Potential Dog DataTable

potential_doggos_ext = pd.DataFrame({
    'name': names2,
    'dog_info': dog_infos,
    'tags': tags2,
    'description': description
})

new = potential_doggos_ext["dog_info"].str.split("|", n=3, expand=True)

potential_doggos_ext["Breed"] = new[0]
potential_doggos_ext["Sex"] = new[1]
potential_doggos_ext["Age"] = new[2]
potential_doggos_ext["Weight"] = new[3]

potential_doggos_ext = potential_doggos_ext.astype("string", errors="ignore")

potential_doggos_ext
name dog_info tags description Breed Sex Age Weight
0 Sugar English Bulldog | Female | 2 Years Old | 43 Lbs QUICK FACTS: ✔️ Housebroken! ✔️ Good in car... Sugar gets up around 6:30/7am in the morning f... English Bulldog Female 2 Years Old 43 Lbs
1 Pride pointer/terrier Mix | Female | 11 months Old |... QUICK FACTS: ✔️ Good with other dogs! ✔️ Cr... PUPDATE 4 pointer/terrier Mix Female 11 months Old 46 Lbs
2 Myla german shepherd Mix | Female | 1 year old | 48... QUICK FACTS: ✔️ Housebroken! ✔️ Good for be... Myla is an energetic and loving German Shepher... german shepherd Mix Female 1 year old 48 Lbs

Final Thoughts

This was a great way to revisit my original scraper.

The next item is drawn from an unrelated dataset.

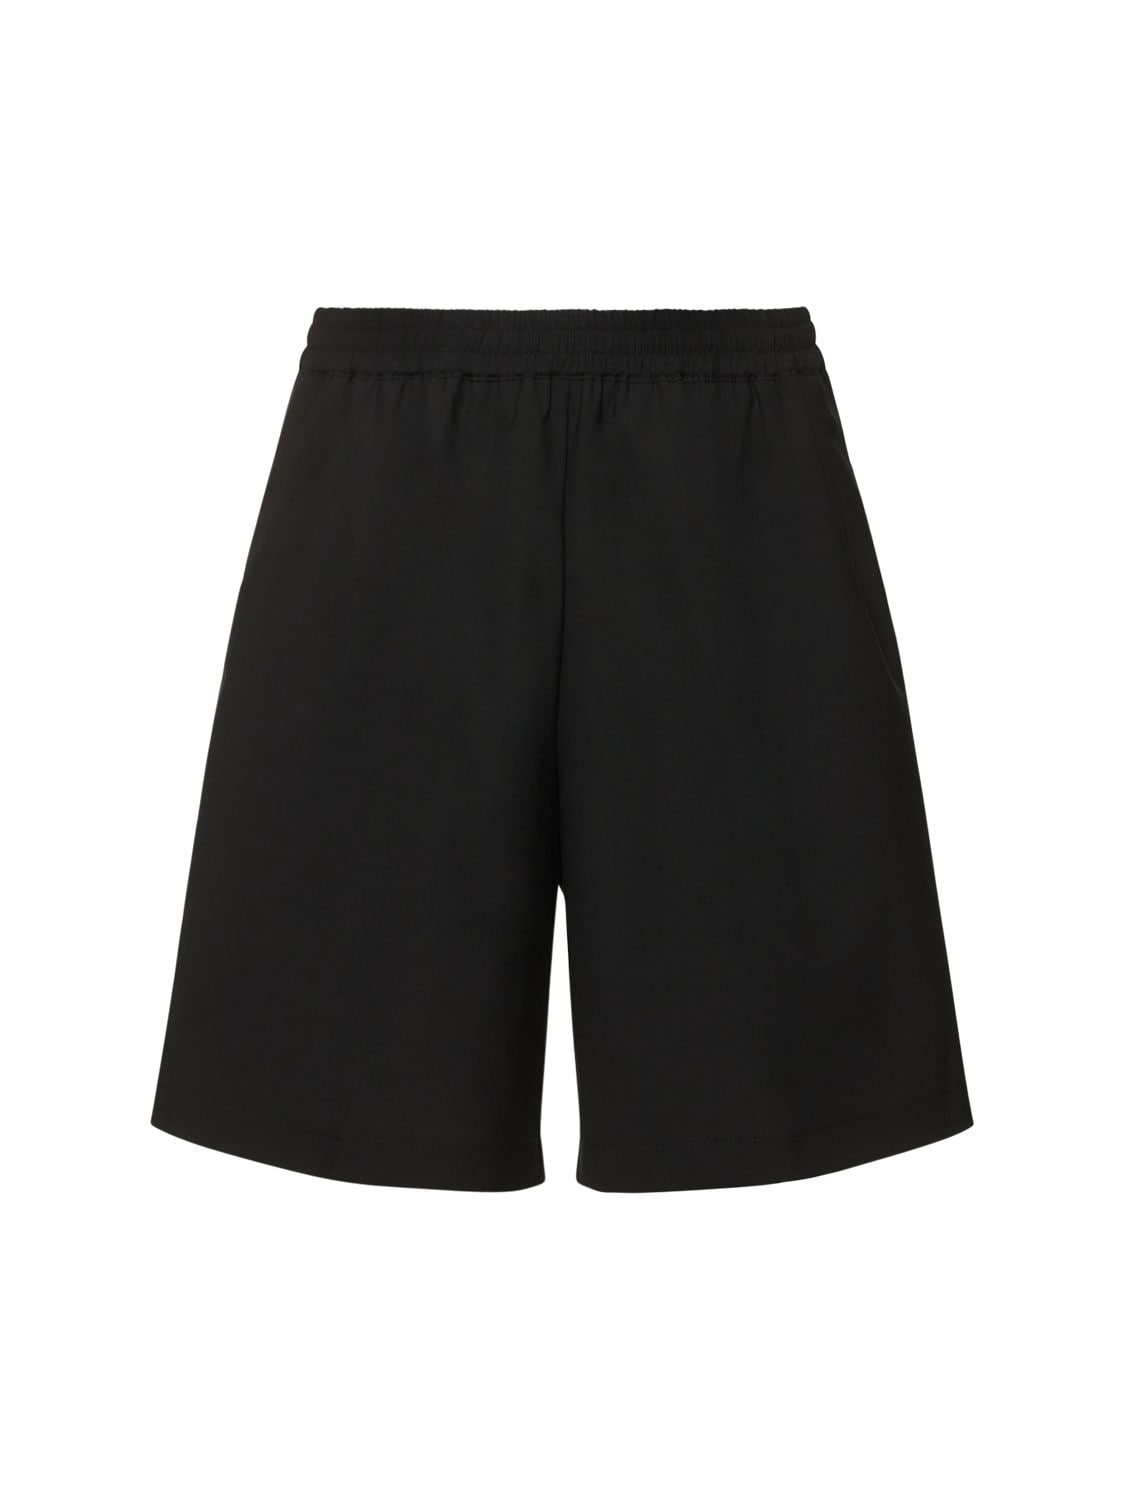 Bonsai: Beige Branding Shorts

I learned a lot about what html containers are displayed on the “Inspect” tool of the webpage vs. what actually is scraped. It is also unfortunate that certain parts of the page were not structured to fit what the web scraper is scraping. Most of the “Updates” section is in a “p” container with a null class, which is shared by other, non-update related page elements. For that reason, I chose to only scrape the first paragraph. While many dogs will have more than one paragraph of updates, it was better to grab just the first paragraph as all dogs will have this filled out. Similarly, for dogs with multiple paragraphs in their “Updates” section, displaying all paragraphs in the data table may not be the best formatting wise. If I were to want to grab all paragraphs in the future, it wouldn’t be too much more work to add another ‘for’ loop, string concatenate the results above the 0th container, and filter out the unrelated results.